**What to do:** Could you output exactly the lines running from the one containing "Pilot I'm not" to the final line of the listing below, leaving out pictures?

**Dataset content:**

=== Begin Enclosure ===

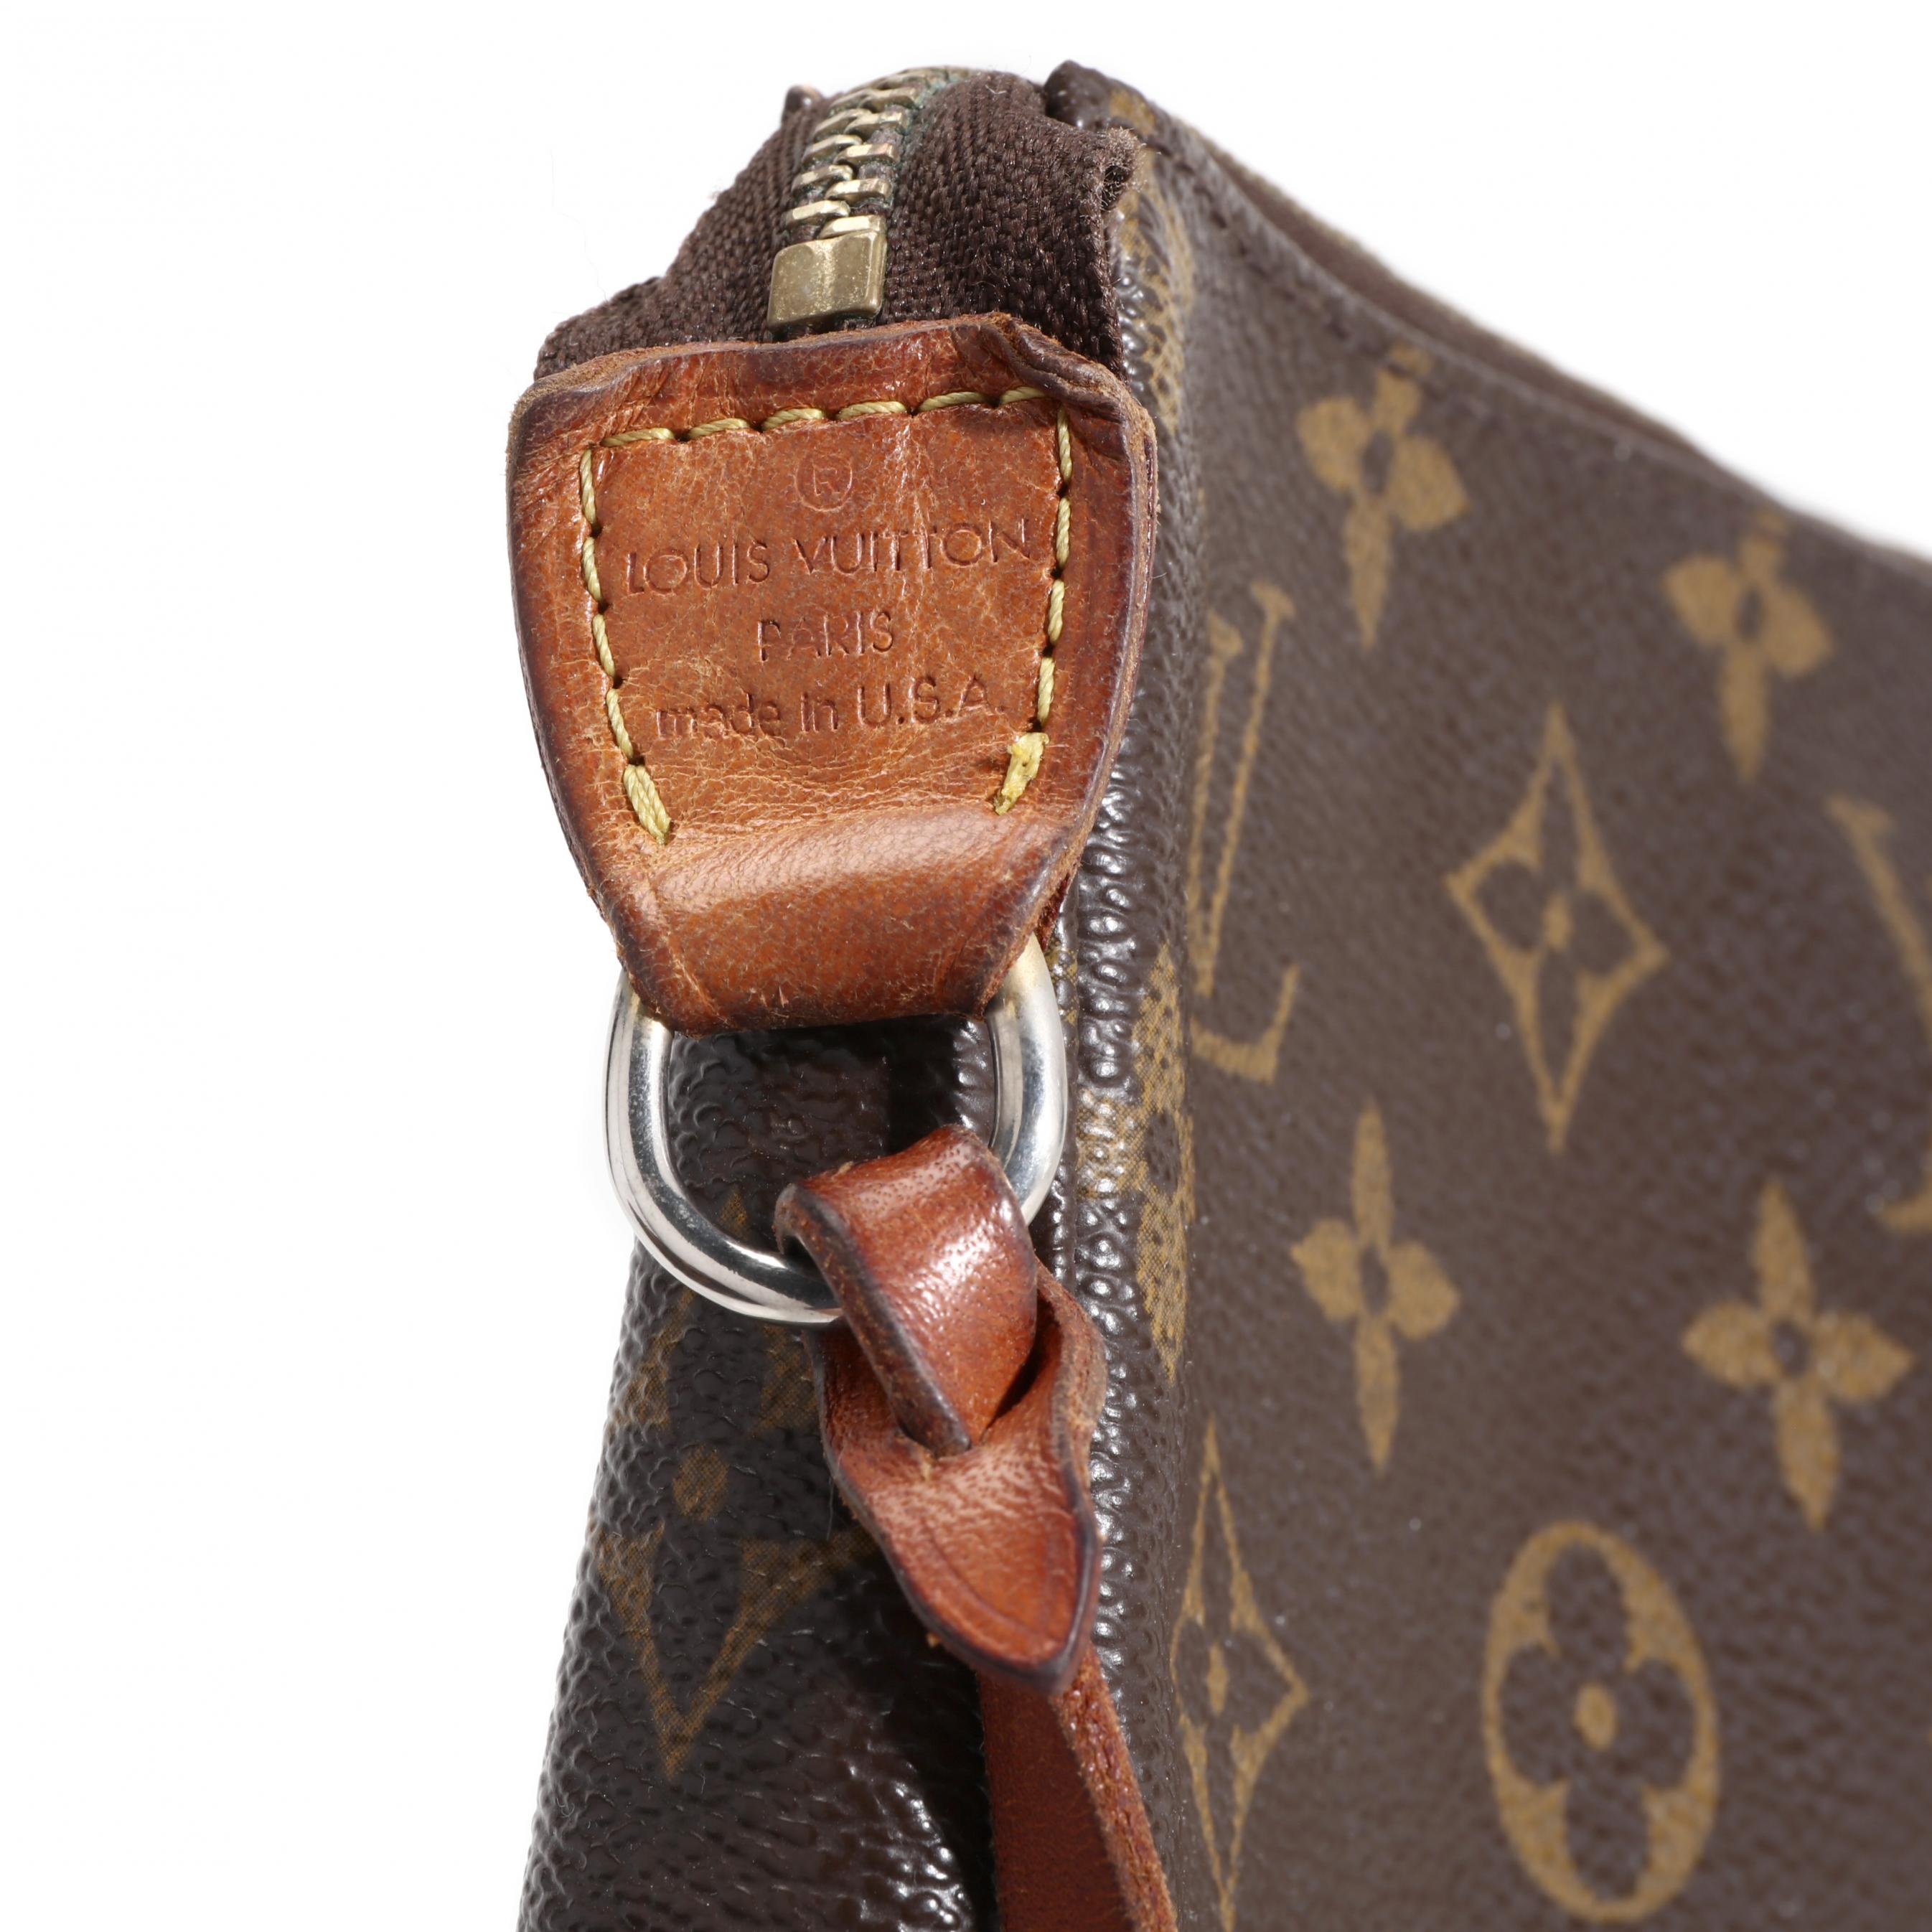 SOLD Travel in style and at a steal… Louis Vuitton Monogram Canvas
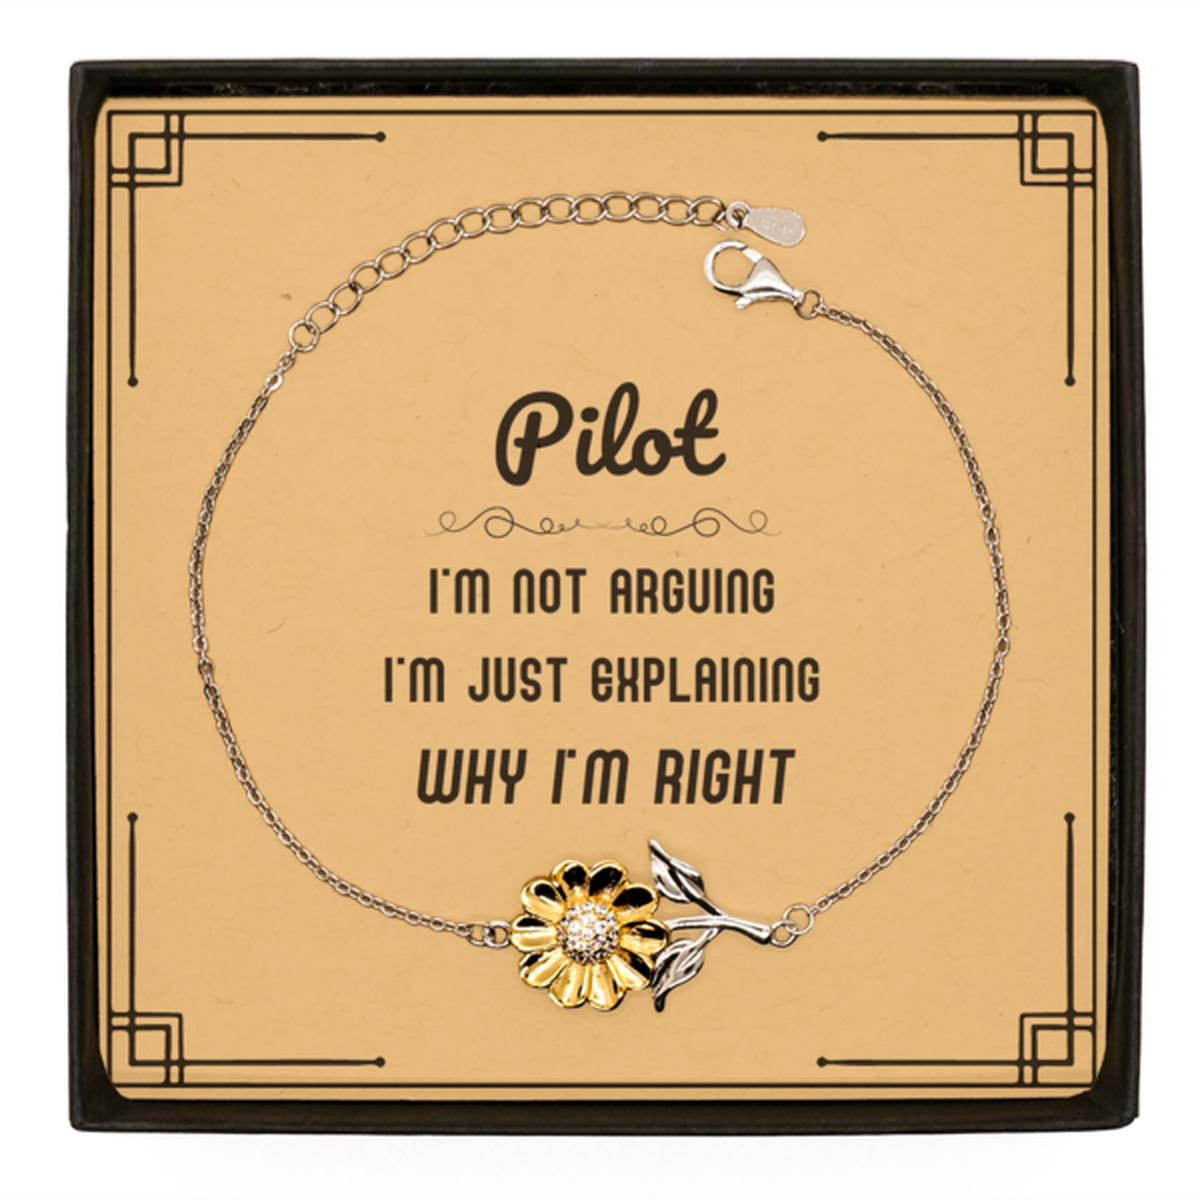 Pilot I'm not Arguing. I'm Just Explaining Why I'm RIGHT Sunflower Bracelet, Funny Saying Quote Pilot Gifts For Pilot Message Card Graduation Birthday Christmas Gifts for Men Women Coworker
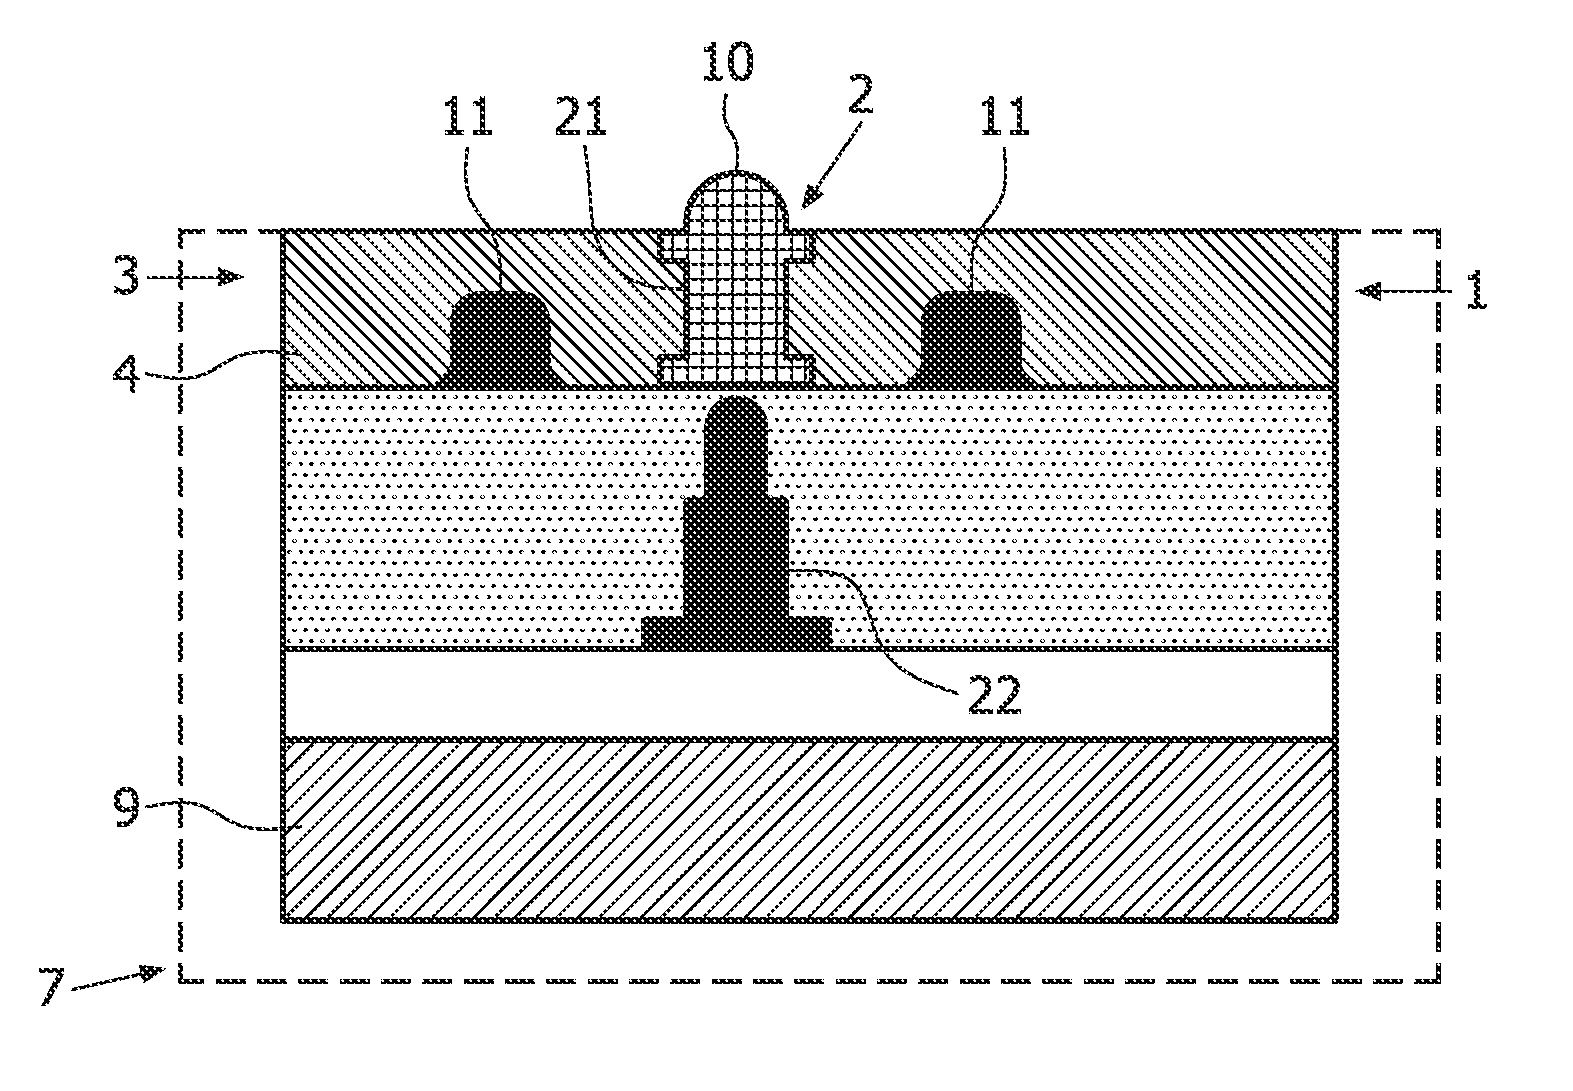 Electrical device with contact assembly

=== End Enclosure ===

**Task response:**
 Pilot I'm not Arguing. I'm Just Explaining Why I'm RIGHT Sunflower Bracelet, Funny Saying Quote Pilot Gifts For Pilot Message Card Graduation Birthday Christmas Gifts for Men Women Coworker
 Electrical device with contact assembly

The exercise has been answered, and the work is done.